Ян Отченашек - Гражданин Брих. Ромео, Джульетта и тьма
Раж нагнулся над рулем и погнал машину быстрее.
Каков олух этот Фальта! Нельзя было ему верить, нельзя было на него полагаться! Лучше сейчас не думать обо всем этом, до того противно!
В понедельник с утра Раж пытался дозвониться в Пшибань. Это удалось ему только во вторник, когда кончилась стачка. Он долго ждал у телефона, наконец в трубке послышался незнакомый грубый голос: «Управляющего нет… Где, не знаю. Наверное, у себя дома, его еще вчера вечером отправили восвояси». — «Кто отправил?» — взревел Раж. «Кто? Ну, известно, комитет действия». И неизвестный нахально повесил трубку.
Раж вызвал Фальту и коротко сказал ему: «На фабрике что-то стряслось, завтра я еду туда». Фальта попытался уверить его, что не может быть ничего серьезного. Мол, Валеш — стреляный воробей, он не растеряется. Рабочие там невежественные чурбаны, они ни на что не отважатся, это полностью исключено. Валеш умеет выбирать людей: насколько известно Фальте, на всю фабрику только два коммуниста, их нельзя было уволить: кроме них, никто не смыслит в оборудовании. Есть еще какой-то дряхлый старикашка, социал-демократ, остальные в порядке. Хорош порядок: комитет действия! Раж не придал значения успокоительным разглагольствованиям Фальты и сегодня утром выехал в Пшибань. По дороге он, как обычно, включил радио и еще в пути, среди голого леса, услышал о том, что отставка министров принята. Раж остановил машину, выключил радио и вылез глотнуть свежего воздуха. Поеживаясь от холода, он присел на белый придорожный столбик и закурил. «Какое ничтожество, какой трус! — пробормотал он вполголоса, думая о человеке, который подписал конечную капитуляцию. — Тряпка!»

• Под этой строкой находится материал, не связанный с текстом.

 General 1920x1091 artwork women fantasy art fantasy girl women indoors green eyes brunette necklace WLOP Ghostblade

Раж сплюнул и опять пустился в путь.
Фабрику он увидел издалека, еще с шоссе. Она жалась к лесистому косогору и показалась Ражу унылой, чужой и враждебной. Он остановил машину на шоссе, запер ее и быстро пошел навстречу пронзительному ветру, прямо к проходной. Чтобы не задерживаться, он не стал делать крюк к разбитой проселочной дороге, а шагал напрямик по твердой, как железо, неровной земле и, хотя спотыкался, шагу не сбавлял.

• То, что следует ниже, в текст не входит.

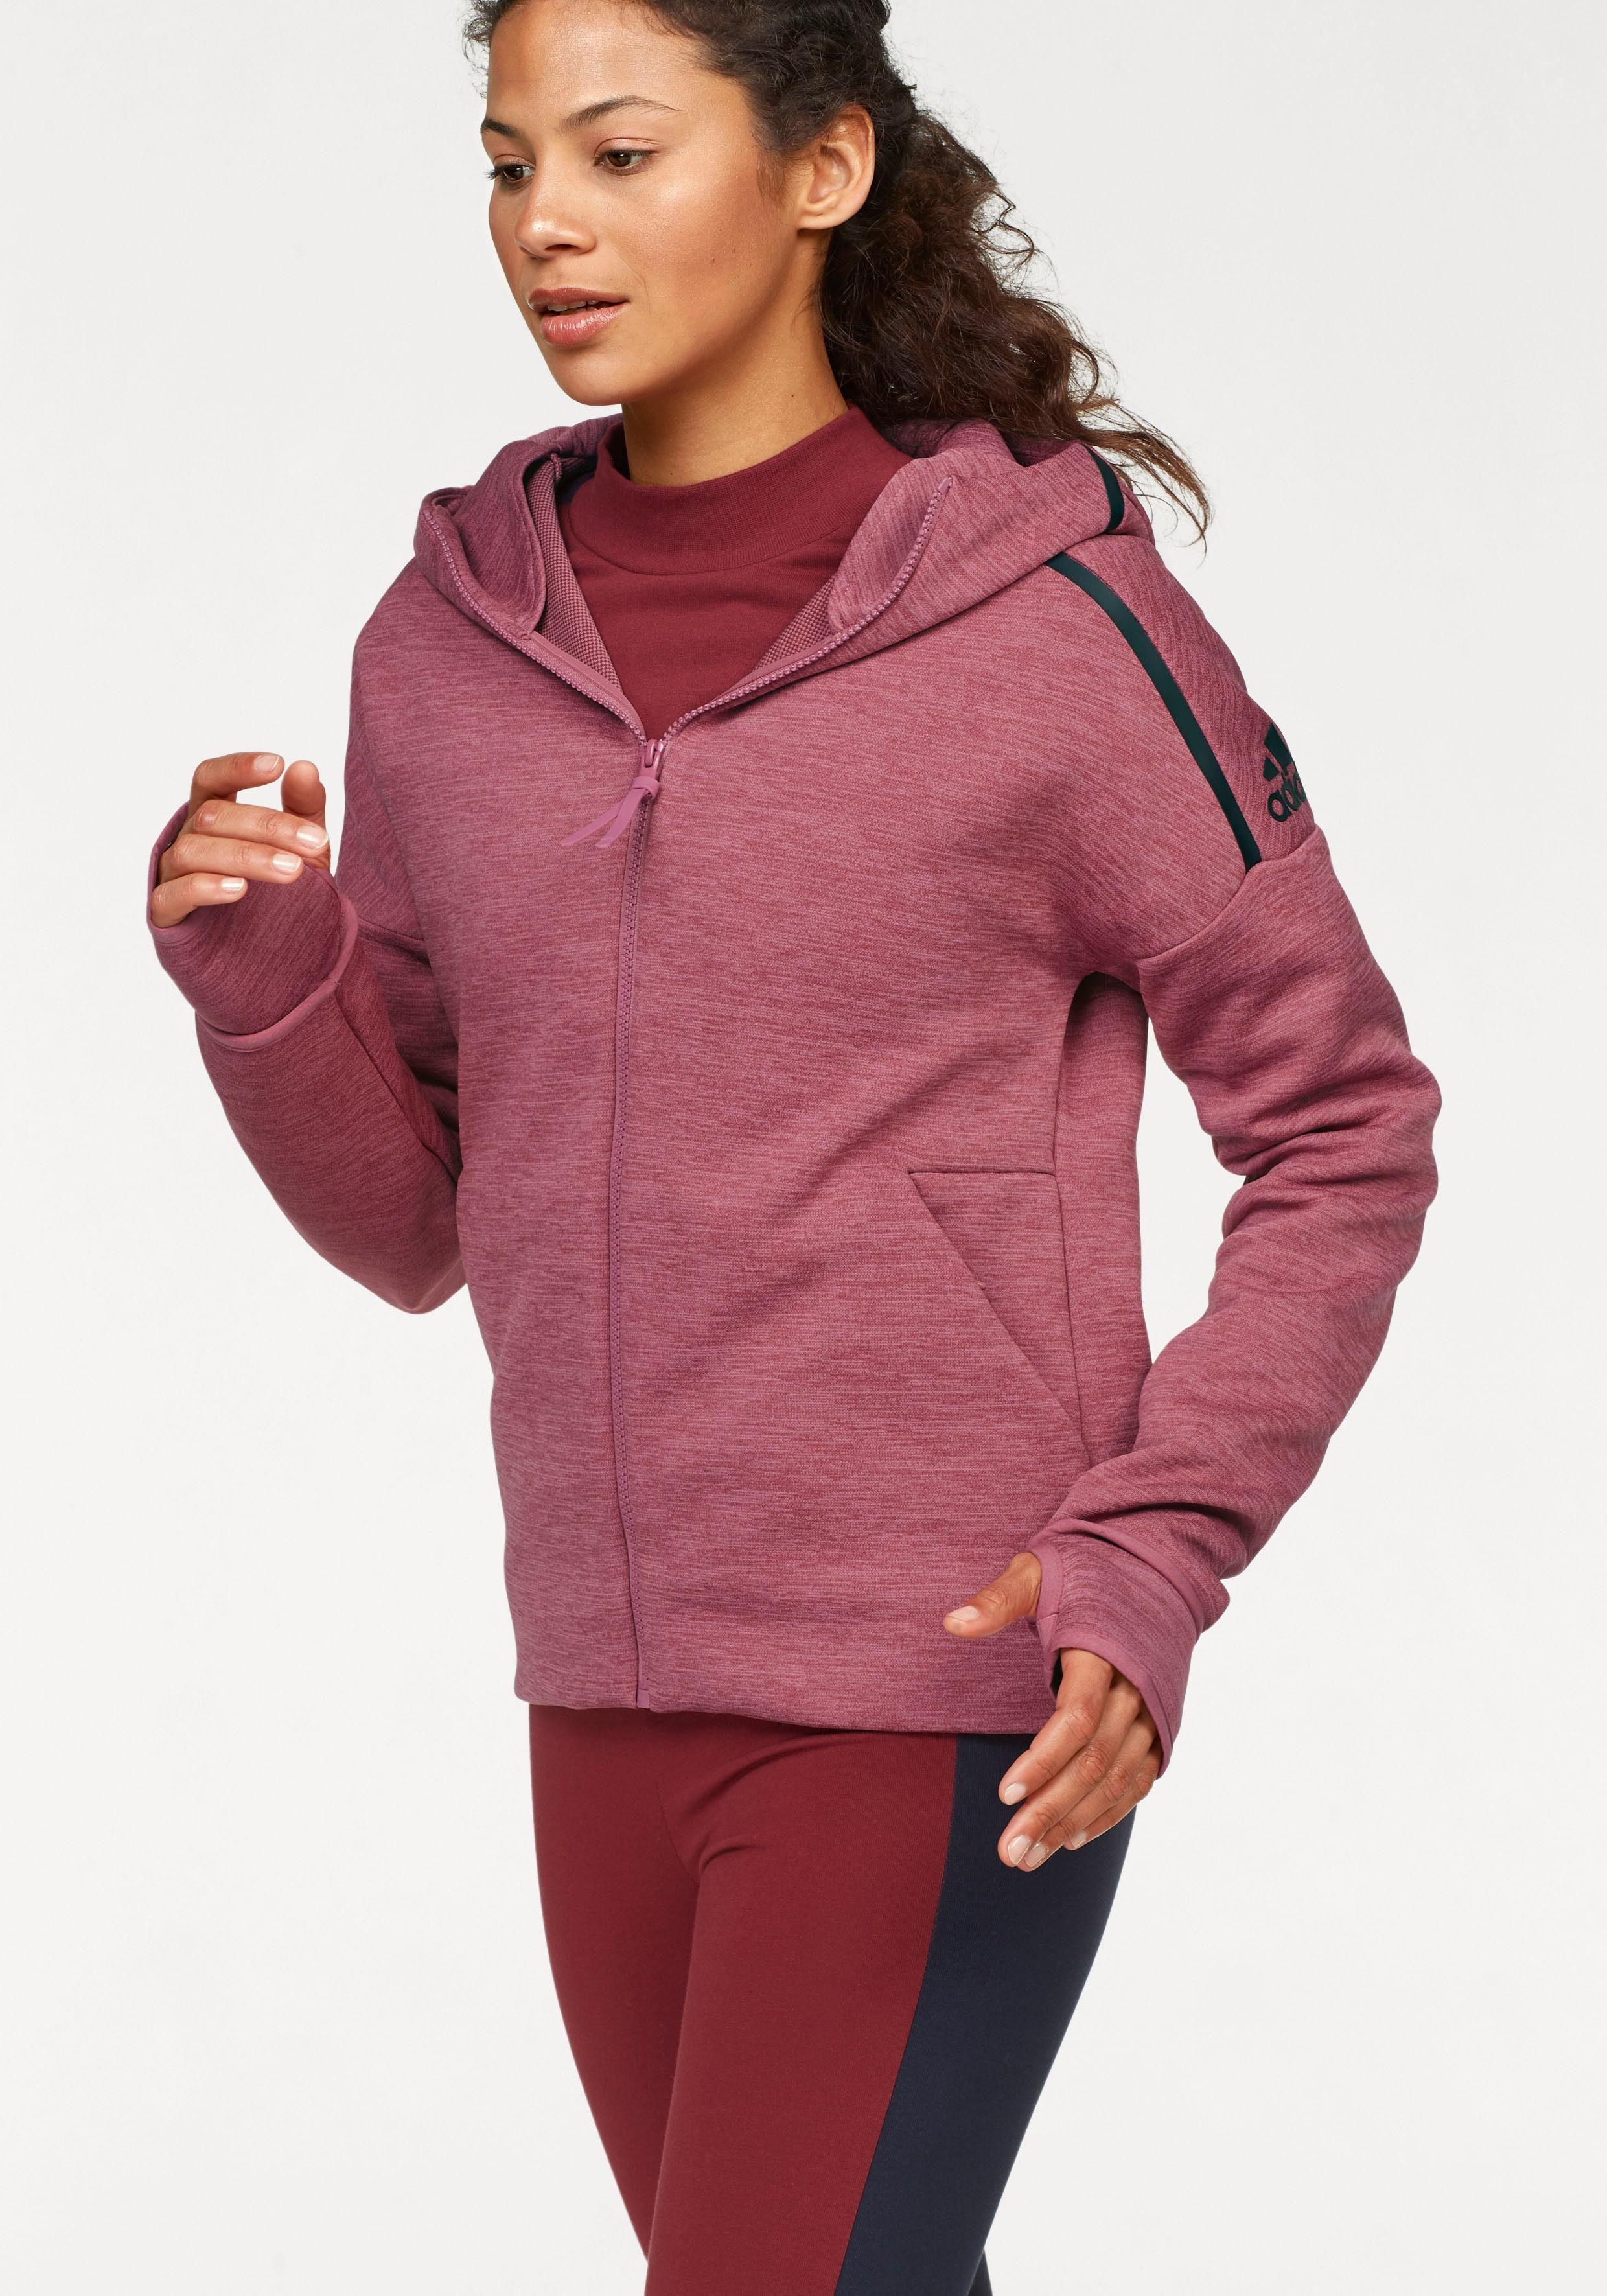 adidas Performance Trainingsjacke »WOMEN Z.N.E. FAST RELEASE HOODIE« auch in großen Größen online kaufen | OTTO

У дверей проходной его остановил молодой курчавый рабочий с красной повязкой на рукаве зимнего пальто, один из тех «неотесанных», от которых, по мнению Ража, всегда пахнет потом и луком. Он не считал нужным отличать их одного от другого, не знал и этого. Только когда парень не дал ему пройти, Раж пристально взглянул на него.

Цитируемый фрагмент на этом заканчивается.